Now, all points are in one cluster.

This example shows how complete linkage clustering merges clusters based on the maximum distance between any two points in the clusters. The result can be visualized as a dendrogram in R

# Define the points
points <- data.frame(
  x = c(1, 2, 4, 5, 7, 8),
  y = c(1, 2, 4, 5, 7, 8)
)

# Perform complete linkage clustering
d <- dist(points)
hc <- hclust(d, method = "complete")

# Plot the dendrogram
plot(hc, main = "Complete Linkage Clustering Dendrogram", xlab = "Points", 
     ylab = "Distance")

# Add labels to the points
text(points$x, points$y, labels = LETTERS[1:6], pos = 1)

Output:

Visualizing Hierarchical Data with Dendrograms

Here, we use a real dataset "mtcars" which already available in R. Which contains fuel consumption and 10 aspects of automobile design and performance for 32 automobiles.

# Load the mtcars dataset
data("mtcars")

# Scale the data
scaled_data <- scale(mtcars)

# Compute hierarchical clustering
hc <- hclust(dist(scaled_data))

# Plot dendrogram
plot(hc, main = "Dendrogram of mtcars")

Output:

Visualizing Hierarchical Data with Dendrograms

We load the "mtcars" dataset using the data() function. This dataset contains information on various attributes of different car models.
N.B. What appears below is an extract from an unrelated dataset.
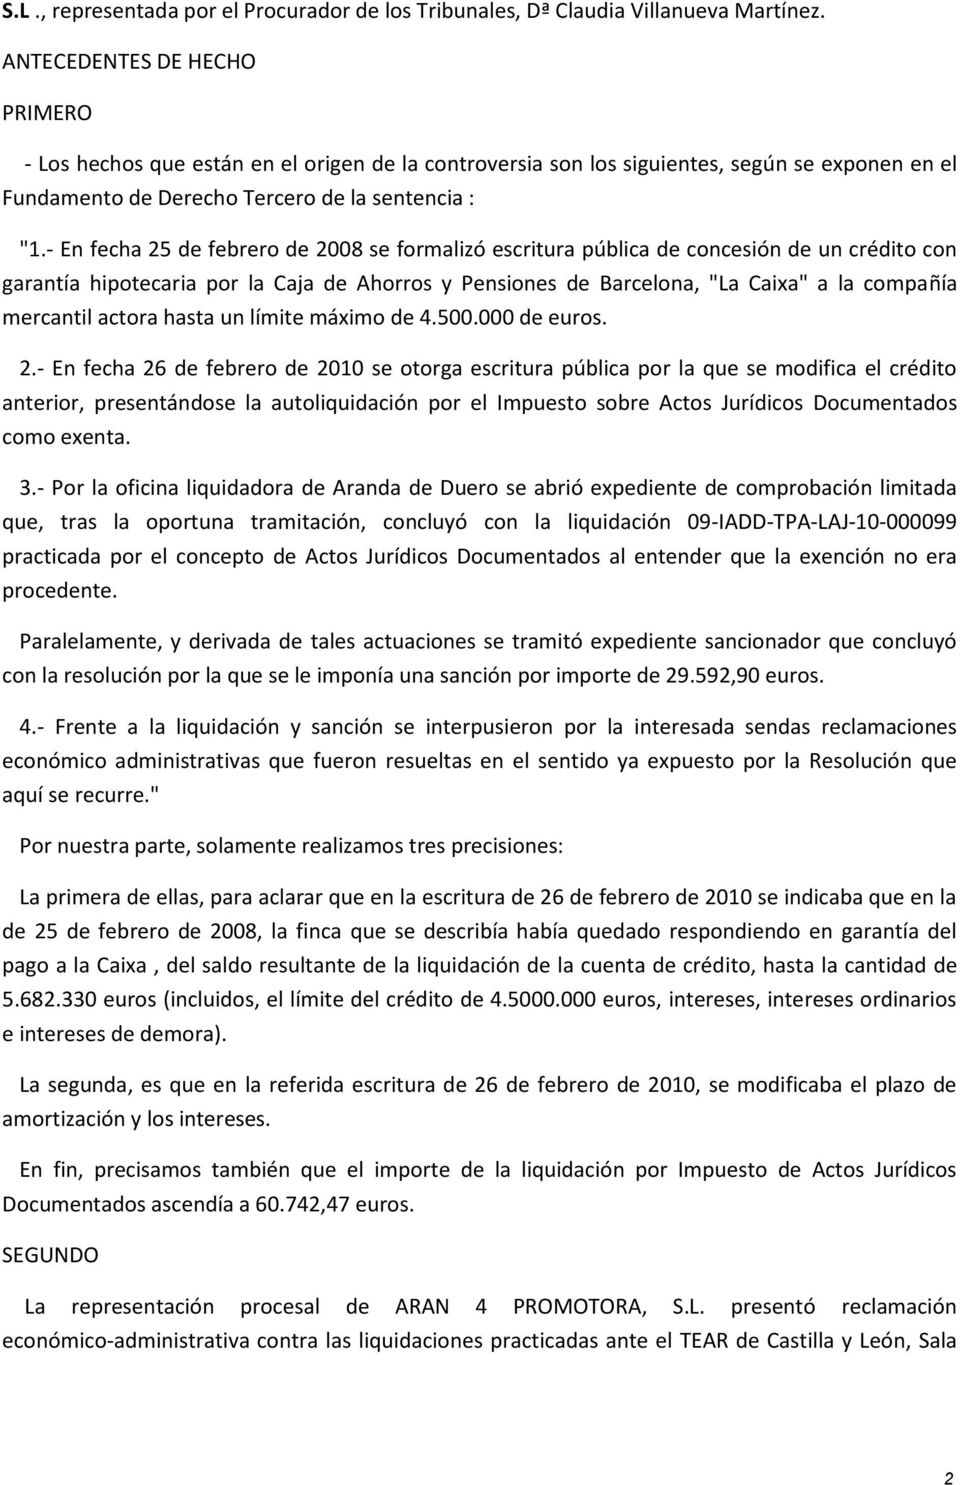 - En fecha 25 de febrero de 2008 se formalizó escritura pública de concesión de un crédito con garantía hipotecaria por la Caja de Ahorros y Pensiones de Barcelona, "La Caixa" a la compañía mercantil
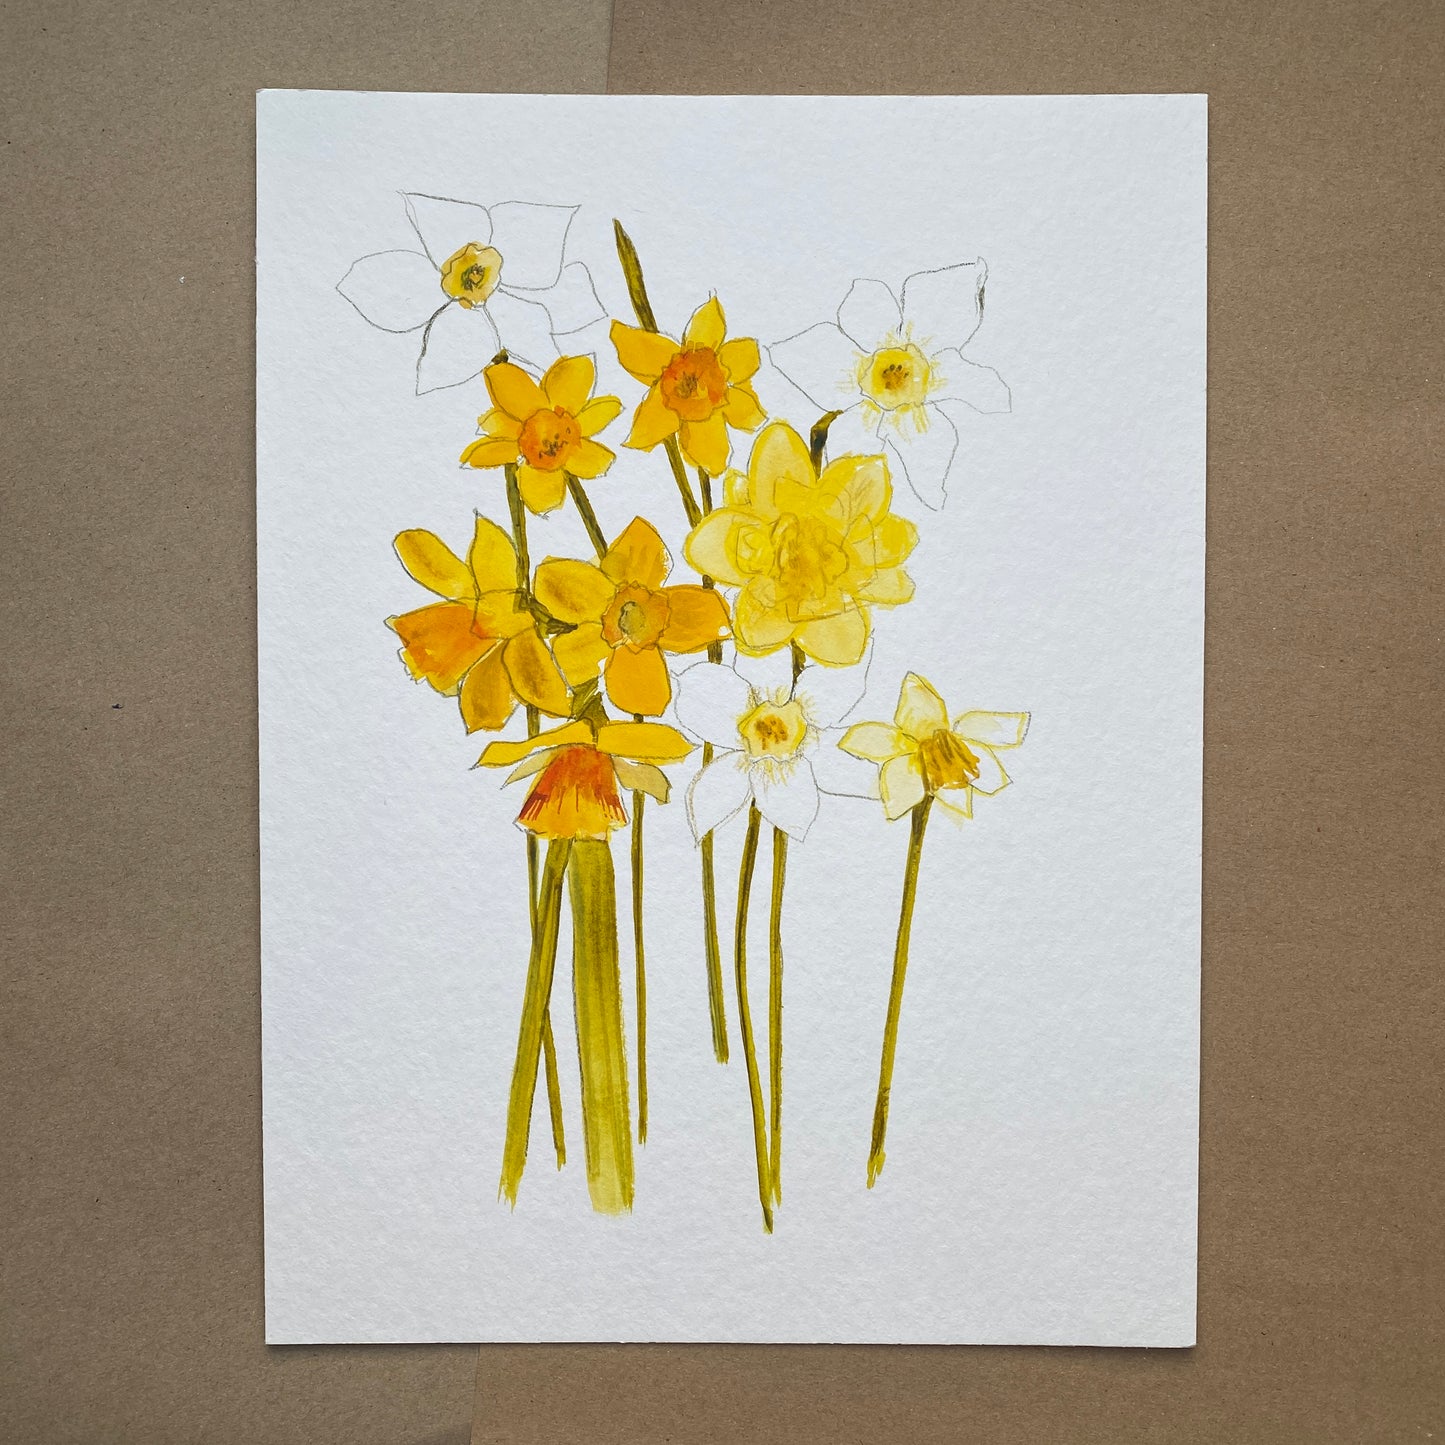 Daffodil Study 2

The dataset is then scaled using the scale() function. Scaling the data standardizes each variable by subtracting its mean and dividing by its standard deviation. This step is essential for hierarchical clustering as it ensures that all variables are on the same scale.
Hierarchical clustering is performed using the hclust() function. We compute the Euclidean distance between the rows of the scaled dataset and then perform hierarchical clustering on the resulting distance matrix.
Finally, we plot the dendrogram using the plot() function. The hierarchical clustering result (hc) is passed as input, and the resulting dendrogram is displayed with the title "Dendrogram of mtcars".

Dendrograms can be customized in various ways to improve readability and visual appeal

We can Customize the dendrograms using "ggraph", it helps to adjust various aspects such as node size, edge width, node labels, and colors.

install.packages("ggraph")
library(ggraph)
library(igraph)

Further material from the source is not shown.